Monday 2 March 2009

Ek Sau Bees Minute

Kick Off- 10min: Call up Bihari Potter and ask him where he plans to watch the game. Decide to make the Great Trip to the Gaon(TM) and pay Leftiekins, Raps and the other Lords of the Farmhouse a visit.

KO-5min: Call up Leftiekins to inform him of TGTTTG (TM), only to be informed of his date with Messrs. Moet and Chandon.

KO-3 min: “Lefty is getting drunk- Jawahar it is then,” reads the message I send Bihari Potter. The miser that I am, I choose to ignore the 'Delivery Failed' message that arrives a minute later.
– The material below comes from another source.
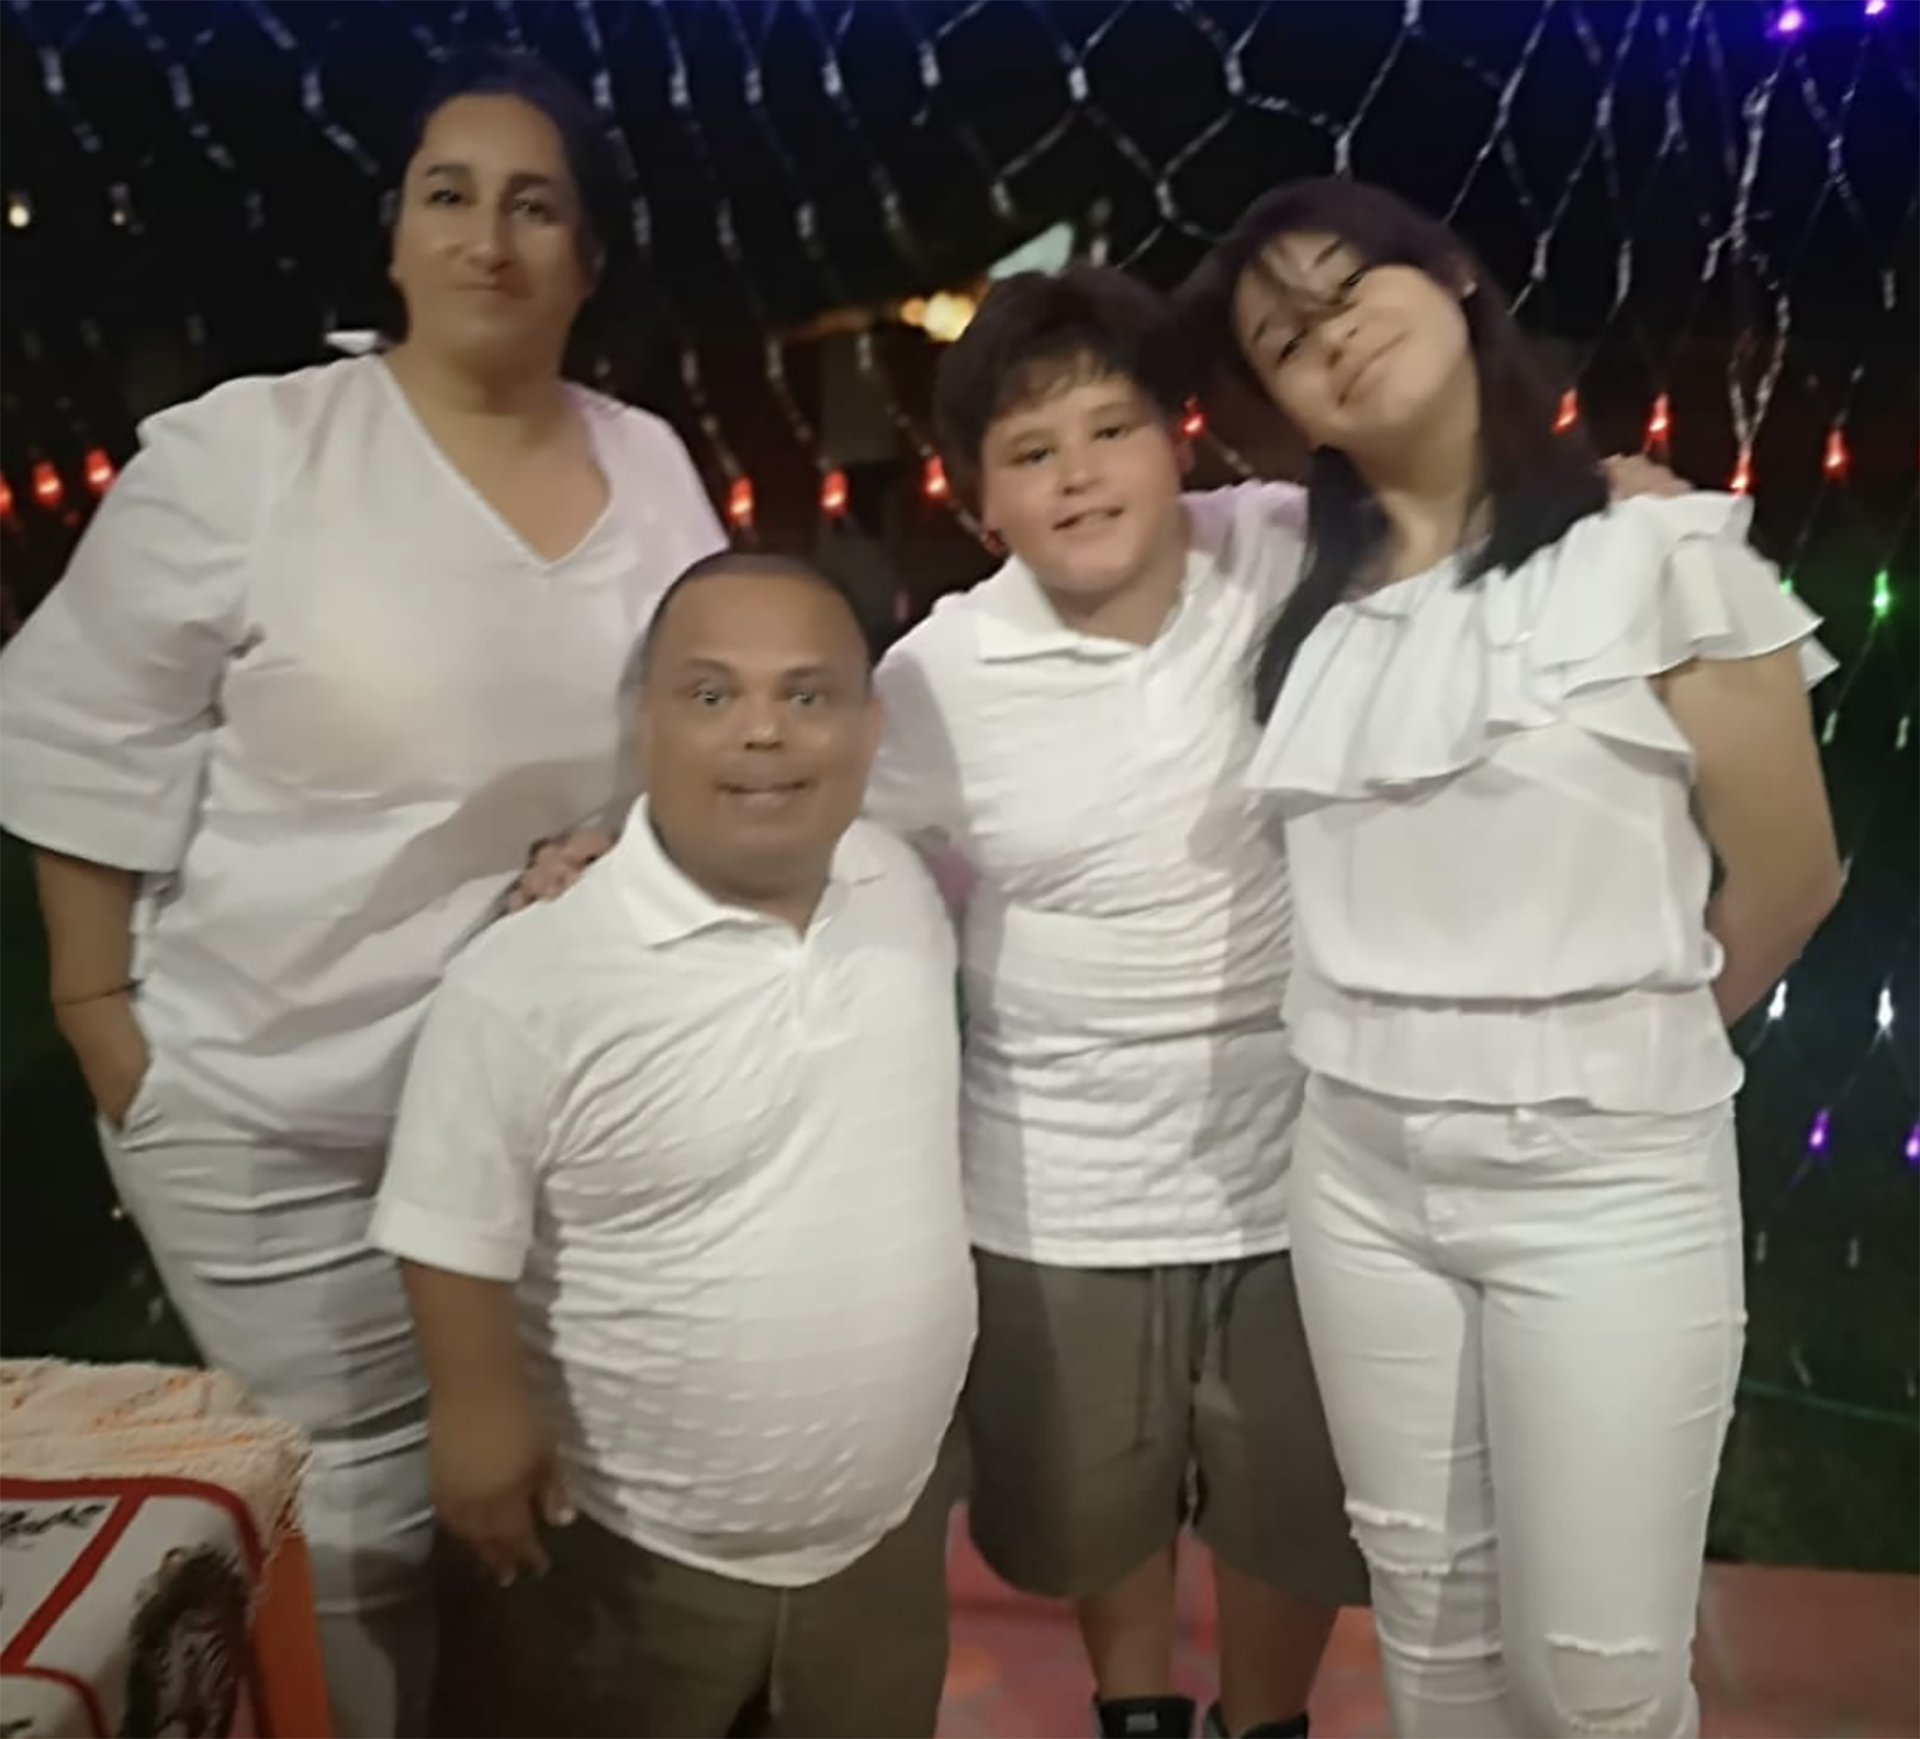 El paraguayo Julio César "Mortero Bala" es humorista además de jugar al fútbol. Aquí con su familia en Asunción

2 min: The Alter Ego calls up from Tambiland to express his fury at the absence of Rooney from the starting lineup (or the bench, for that matter). “Fergie knows,” I reassure him, before going on to share my two-pence worth on the rest of the starting line-up.

5 min: Cross the roundabout beside the E&C tower (which, I’m told, is oddly named ‘Kranti Chowk’). 
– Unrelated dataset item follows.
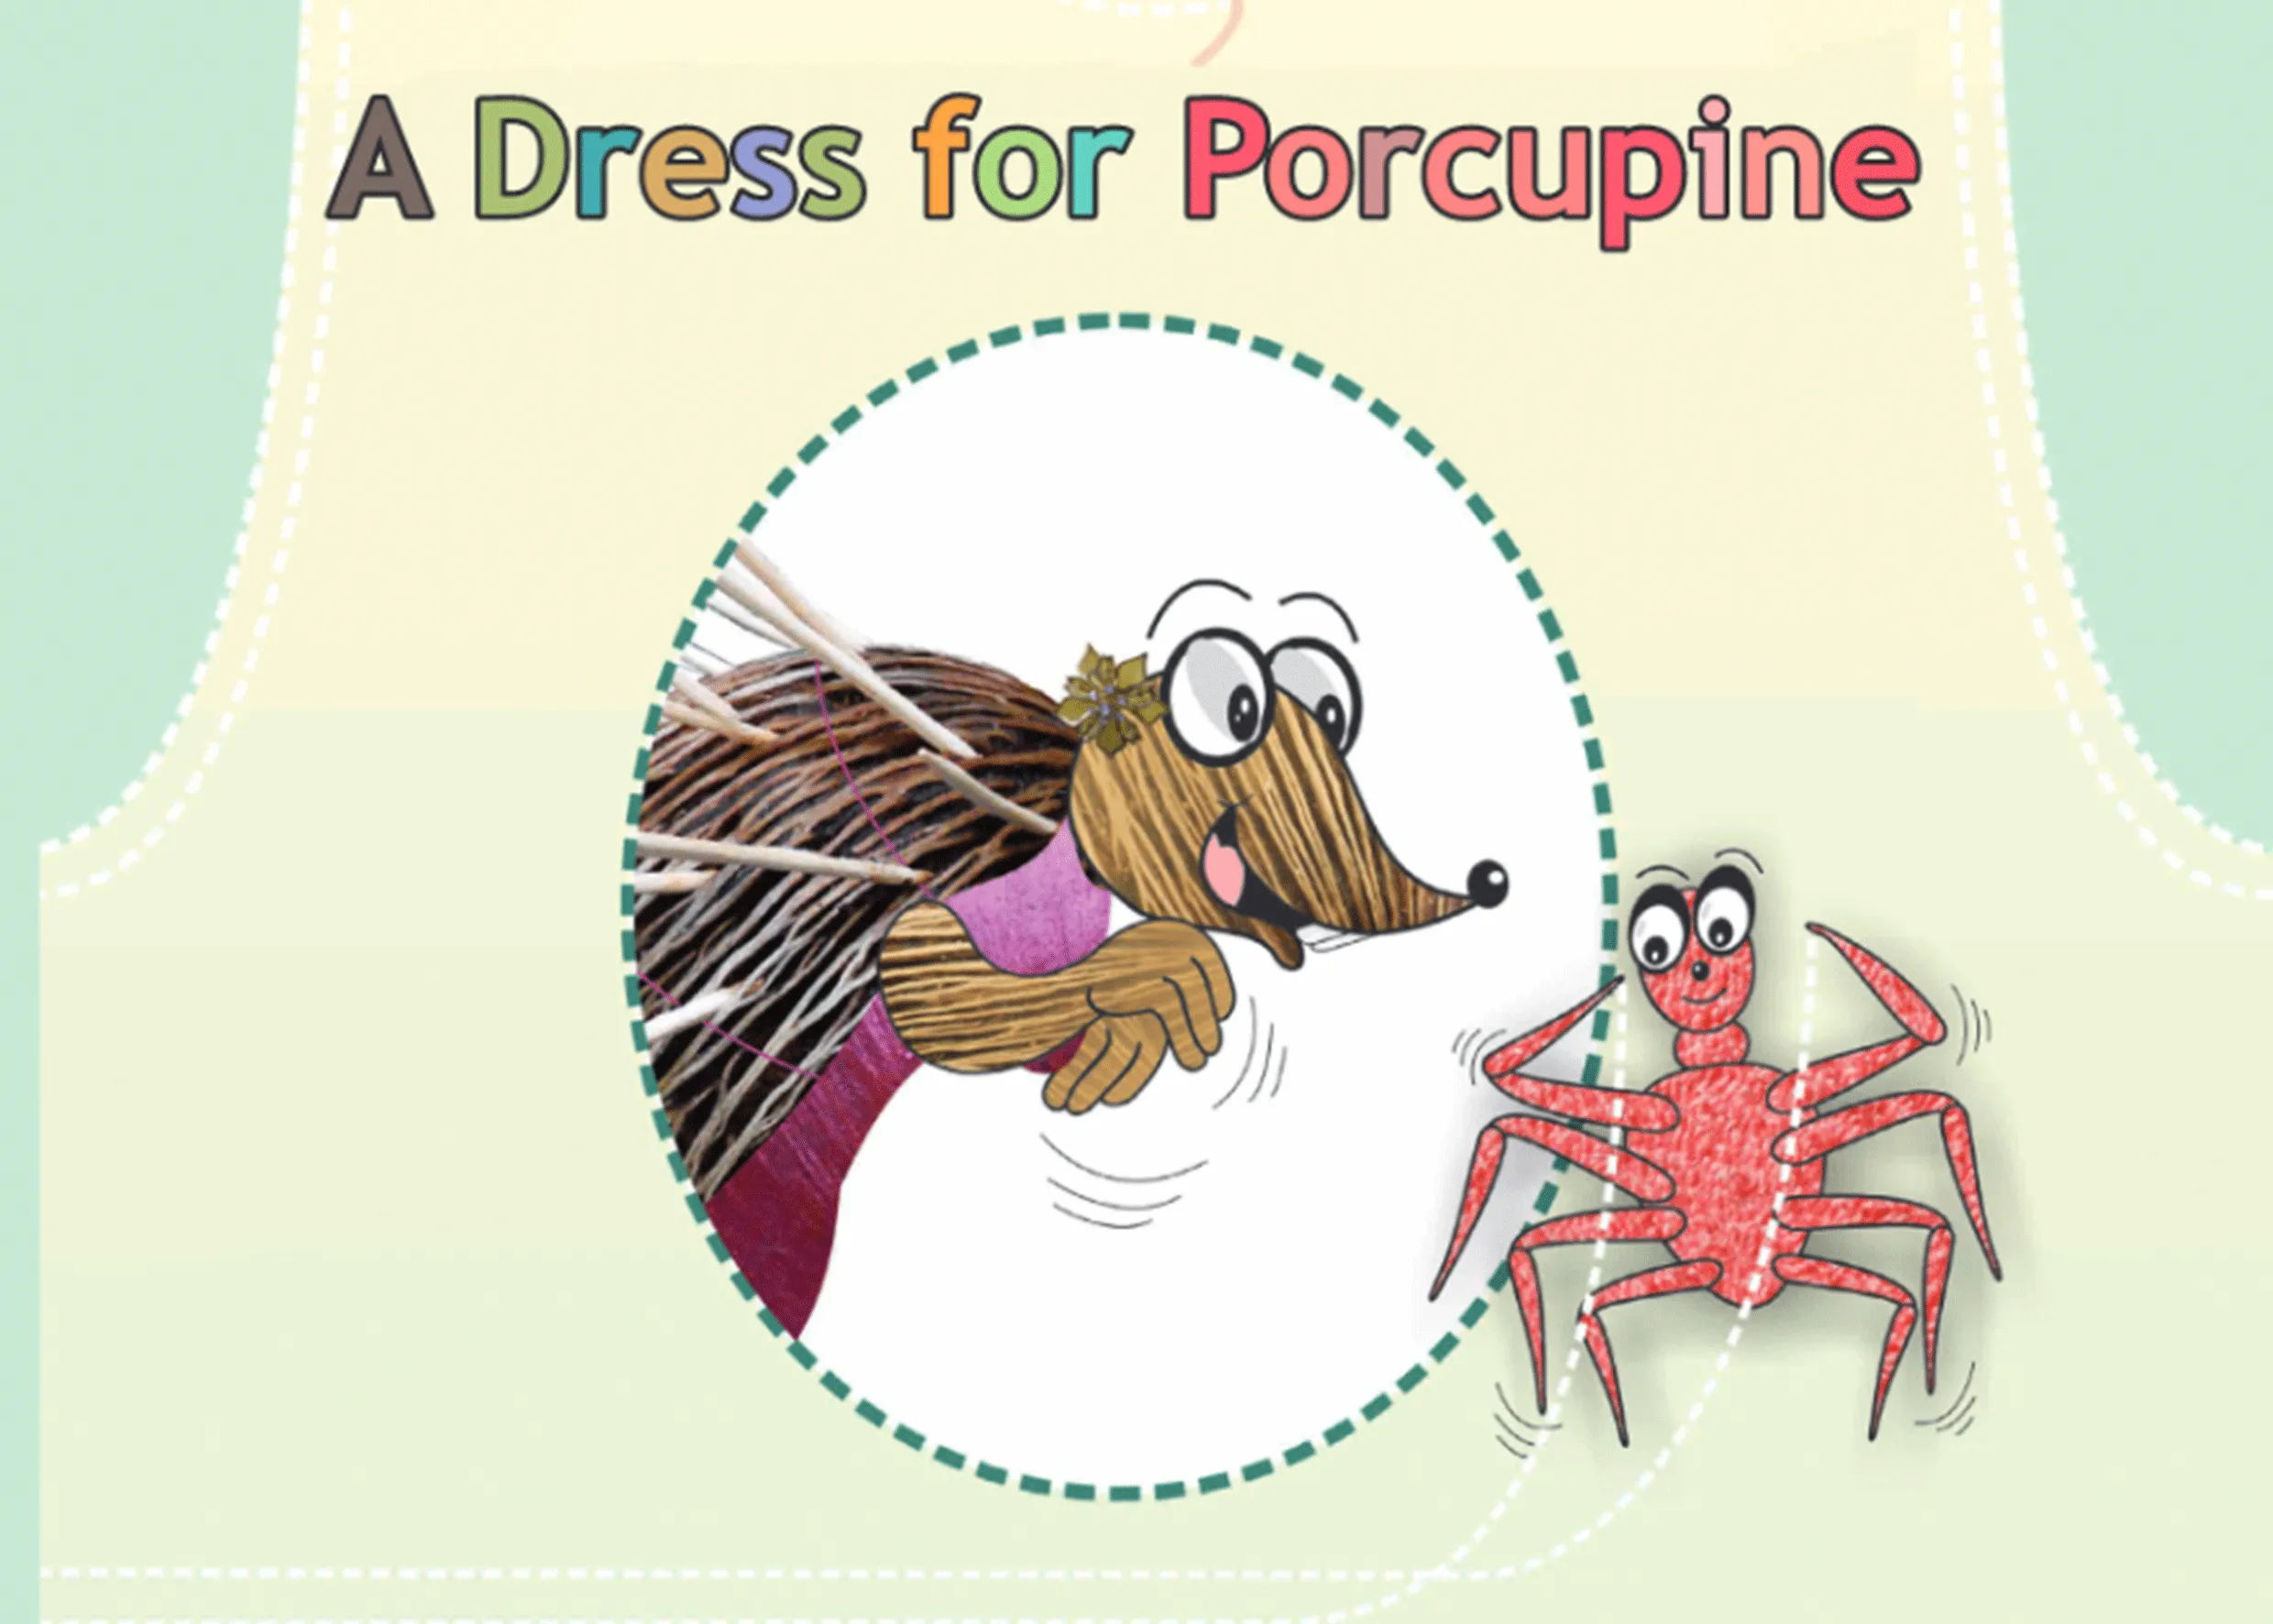 A Dress for Porcupine

7 min: The Decayed Canine calls up from Pune for the starting lineup. He can’t watch the game as Tata Consulting Engineers Consulting Engineers didn’t see the need for something as superfluous as a net connection and wanted me to keep him abreast of all major developments at Wembley. An obedient nod and a dozen swear words later, I hang up and resume my long journey.

11 min: Meet BeKayEll at the entrance of Jawahar, who instantly sets off on a rant on Dilli 6, Abhishek Bachchan’s fake accent and the absurdly hairy kaala bandar. I politely inform him that I have promises to keep and miles to go before I sleep. And miles to go before I sleep.

13 min: The mention of the hairy creature reminds me that I’d sent the Hairy Hick and Bihari Potter off on the Great Trip to the Gaon(TM). I call up B-Pot and deliver a rehearsed speech, placing all the blame on Leftiekins' frail shoulders.

18 min: Reach the Jawahar TV Room, only to be welcomed by the sight of Ramnaresh Sarwan and co. tearing apart a hapless English seam attack.

21 min: Reality finally dawns on yours truly. Abuse Subhash Chandra and the pitiful excuse for a sports channel that he runs, before setting off for Sushi’s room with the Hairy Hick and Bihari Potter, who had just arrived.

Half Time: ‘0-0’ reads the big blue box on ESPN Soccernet. The 50000-something members of the Manchester United Orkut community agreed, before adding that the second half would be telecast live on Zee Sports.

47 min: Another reality check. Zee Sports was facing technical issues. East Bengal vs Mohun Bagan it will be, then.

49 min: Long ball from the flanks falls perfectly to a defender, who makes a hash of his clearance and, more by luck than judgement, the cross found its target. ‘Good football all around,’ remarks the nasal commentator. Was that sarcasm, I wonder.

57 min: Can take no more. Set off for the canteen and ask for a packet of Lays. “Lays nahin hai, chai piyoge?” enquired the vendor. Just not my day, I think to myself.

62 min: Return to Sushi’s room and try to find a half-decent live-streaming site, only to view the hazy contours of a guy in a yellow jersey, with a lot of noise in the background. Cursing the Jawahar Wi-Fi, we reconcile ourselves to the live commentary on GameCast.

75 min: ‘United ki fat gayi! Vidic on for O’Shea,’ exclaims a jubilant Kangaroo Kid. ‘Why does he care so much?’ I wonder, only to be reminded by Sushi that Chel$ea’s only hope of silverware this season was the Champions League, where they’d first have to get past Delpiero and co. There are some things money can’t buy. For every thing else, there is Roman Abrahamovic.

120 min: Full time. No goals. For the third time in two years, we were involved in a penalty shootout at the Wembley.

FT+11 min: Foster is the man. 4-1 to United. The four of us huddled, just as we had after that night at Moscow.

FT+ 25 min: The Alter Ego calls up again. ‘We are the champions,’ I sing into the phone, much to the amusement of the others at the Azad Canteen.

FT+ 874 min: I remember that I hadn’t updated the Decayed Canine yet. I spend the last two bucks of my balance on a message. It reads:

“The Carling Cup is ours. Two down. Three to go. Glory glory Man. United.”

4 comments:

Saagar said...

Glory glory Man U it is.
Contrary to what this post claims and what you made others believe, I did not drink last night. In fact, I am a teetotaler.
Instead, I followed the match on man utd match tracker with the faithful HHH.

Murty said...

Glory glory, Man United! Towards the quintuple, we march! As arbit as it was, nice post, da.

Anonymous said...

@Lefty
Oh yes. The faithful, albeit horny, HHH narrated the events of that night in great detail.

@HHH
Danke.

Puneet said...

Hilarious stuff. You're too awesome.